A. In addition to the provisions of § 15.2-2286, and notwithstanding other provisions of law, a zoning ordinance adopted by a locality whose entire geographic area is wholly or partially within an area designated as [ severe ] nonattainment for ozone pursuant to the federal Clean Air Act Amendments of 1990, 42 U.S.C. section 7407(d), may include reasonable regulations and provisions [ as to any or all of the following matters:

1. For the reduction of approved uses, density, floor area ratio, or intensity applicable to specific property for which there has been no substantial construction activity performed in good faith pursuant to an approved permit with the preceding three years and, in the case of specific property to which subsection B or C of § 15.2-2298 or subsection B or C of § 15.2-2303 applies, where there has been no dedication of real property of substantial value or no substantial cash payment for or no construction of substantial public improvements, the need for which is not generated solely by the rezoning itself, and, in the foregoing instances, where the governing body has determined that existing transportation facilities and services, and those facilities for which construction contracts have been executed, are inadequate to meet the level of service specified for transportation in the adopted comprehensive plan and are projected to be inadequate should the property fully develop with the next three years in accordance with existing zoning regulations applicable to it. Any rezoning action undertaken pursuant to this subsection may be initiated only upon the motion of the governing body or resolution of the local planning commission which resolution or motion complies with subdivision A 7 of § 15.2-2286. Notwithstanding any other provision of law, in the review of any rezoning approved pursuant to this subsection, the law otherwise applicable to piecemeal downzoning actions shall not apply and the presumptions of validity and burdens of proof and persuasion applicable to non-piecemeal zoning decisions shall apply.

2. For for ] the adoption of transportation infrastructure overlay districts to allow, either as a matter of right under applicable zoning regulations or with the approval of a special exception, special use permit, or rezoning application, the transfer of some or all specified development rights from property located outside the boundaries of a transportation infrastructure overlay district to property located within such overlay district. Where adopted, transportation infrastructure overlay districts shall be established to encourage development in areas of the locality where mass transit and other existing or planned transportation facilities or services are projected to best meet the levels of service specified for transportation in the comprehensive plan.
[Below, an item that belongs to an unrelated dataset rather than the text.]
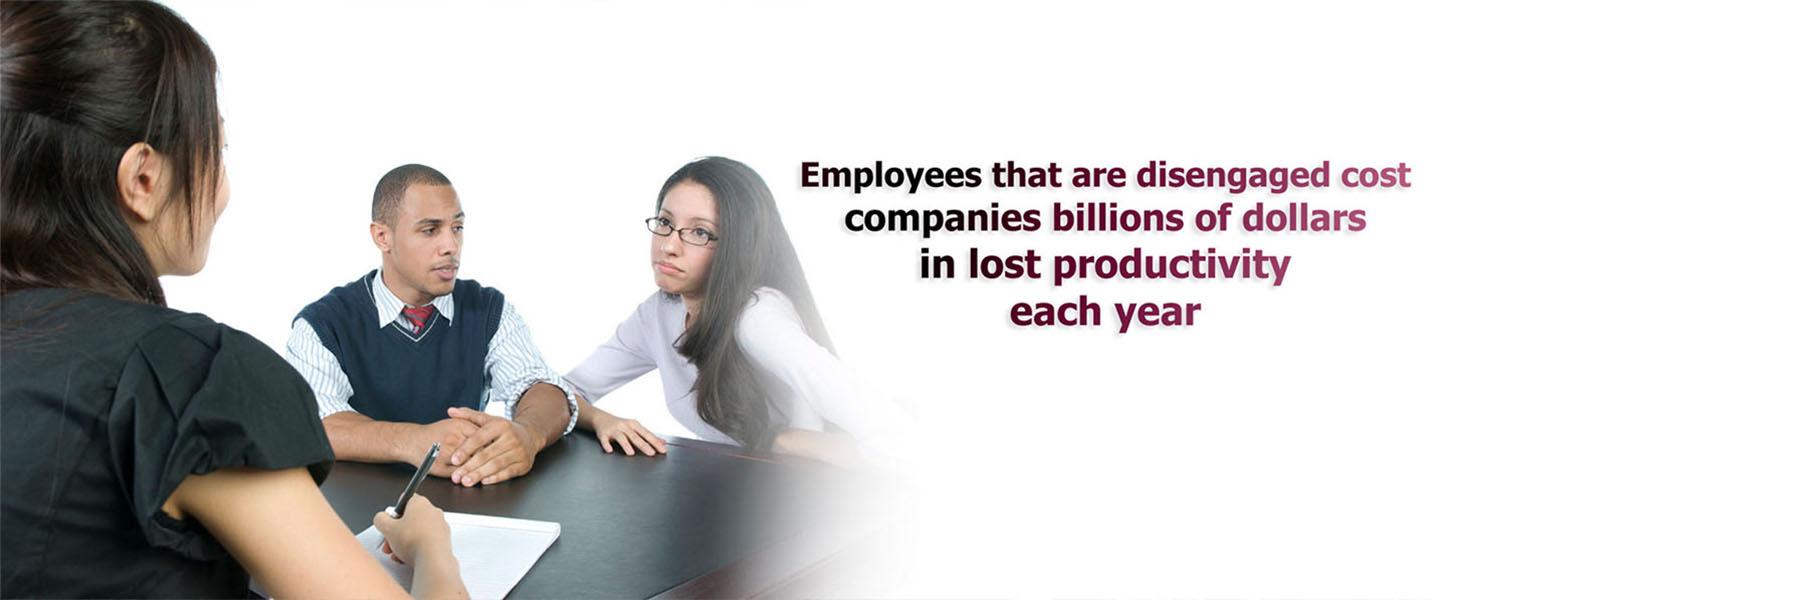 Executive Diversity Services Diversity Inclusion Cultural Competence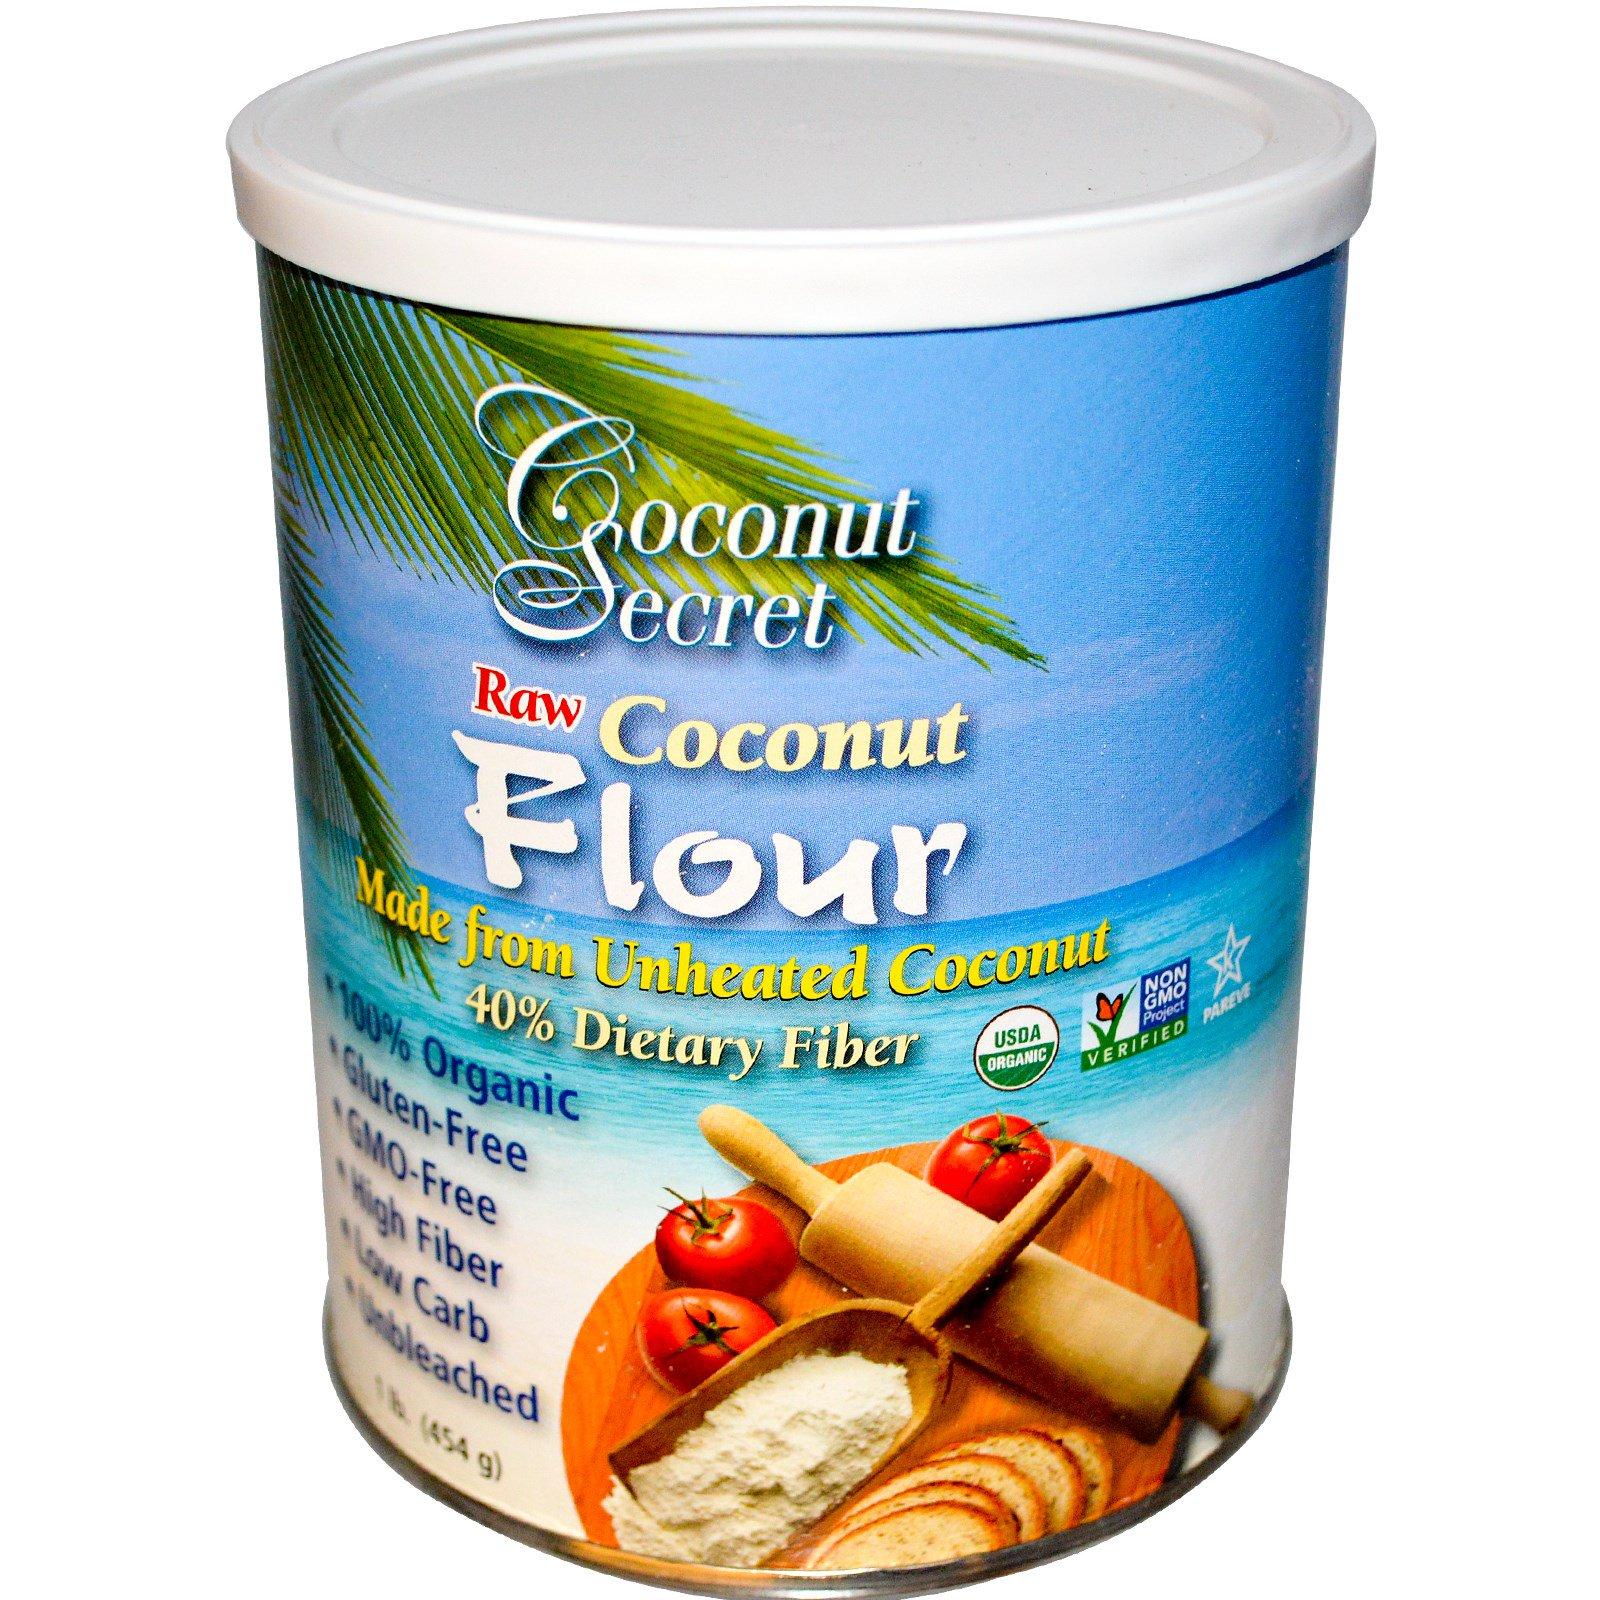 Coconut Secret, Raw Coconut Flour, 1 lb (454 g) - iHerb.com

The locality's comprehensive plan shall identify those areas of the locality eligible for the establishment of transportation infrastructure overlay districts.

The transfer of development rights from property located outside the boundaries of a transportation infrastructure overlay district shall be subject to such terms as may be provided by zoning regulations, the conditions of a special use permit or special exception, or the proffered conditions of a rezoning application, including that the terms are binding on the owners of such property and on their successors and assigns.

B. The authority granted by this section shall continue to apply in its entirety to any locality that has exercised some or all of the authority granted hereunder [ whether such locality may thereafter no longer be , except, however, that such authority shall expire in any locality five years after the date upon which the locality is no longer ] located in whole or in part within an area designated as [ severe ] nonattainment for ozone pursuant to the federal Clean Air Act Amendments of 1990.